In the COMEX silver monopoly there have been a succession of top dogs, starting with J. Aron, on to Drexel Burnham, then AIG Trading, on to Bear Stearns and then to JPMorgan. It is somewhat interesting that the three prior top dogs up until JPMorgan, all went bankrupt, although only in the case of Bear Stearns may it have related to being short silver (and gold). Since JPMorgan is no longer short in COMEX silver or gold, there has to be a new top dog on the short side, but I’m not sure who that might be. Whoever it is, its days of continuing the monopolistic control of silver prices appear numbered, based upon the public record.

It is the explosion of the buying of physical silver that the big short monopoly on the COMEX is fighting against.
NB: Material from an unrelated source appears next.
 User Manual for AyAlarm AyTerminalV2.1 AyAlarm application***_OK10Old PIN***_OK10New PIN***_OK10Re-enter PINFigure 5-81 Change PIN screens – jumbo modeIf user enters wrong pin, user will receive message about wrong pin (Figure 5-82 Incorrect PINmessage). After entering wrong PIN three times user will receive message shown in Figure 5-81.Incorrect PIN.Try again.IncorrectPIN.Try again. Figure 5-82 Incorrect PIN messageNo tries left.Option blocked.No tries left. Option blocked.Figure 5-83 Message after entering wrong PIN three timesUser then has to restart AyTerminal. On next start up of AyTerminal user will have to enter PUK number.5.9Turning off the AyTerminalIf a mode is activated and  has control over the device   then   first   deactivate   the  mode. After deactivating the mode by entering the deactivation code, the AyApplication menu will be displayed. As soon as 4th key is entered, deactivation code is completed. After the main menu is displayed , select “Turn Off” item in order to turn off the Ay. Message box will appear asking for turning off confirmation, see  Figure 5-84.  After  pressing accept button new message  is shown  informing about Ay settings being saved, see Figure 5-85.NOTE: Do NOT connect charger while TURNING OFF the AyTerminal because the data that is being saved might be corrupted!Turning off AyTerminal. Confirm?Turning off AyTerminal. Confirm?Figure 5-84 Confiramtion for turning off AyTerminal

It is the 4 big shorts against the world. But the motive of the big shorts has changed as radically as have the conditions of the silver market over the past four decades. Where the original and long-running motivation for the big silver shorts was to profit from their control of the market, which was incredibly successful up until the last year or so, the motivation has changed.

Now, it appears to me that the big silver shorts on the COMEX are fighting any rise in silver prices, not for profit, but from the fear of what a failure to contain prices might entail. An explosion in the price of silver would threaten financial ruin for some of the big shorts. For most of the past 40 years they were motivated by greed, but now the motivation is fear. Their current losses are $10 billion so we are not talking about small change.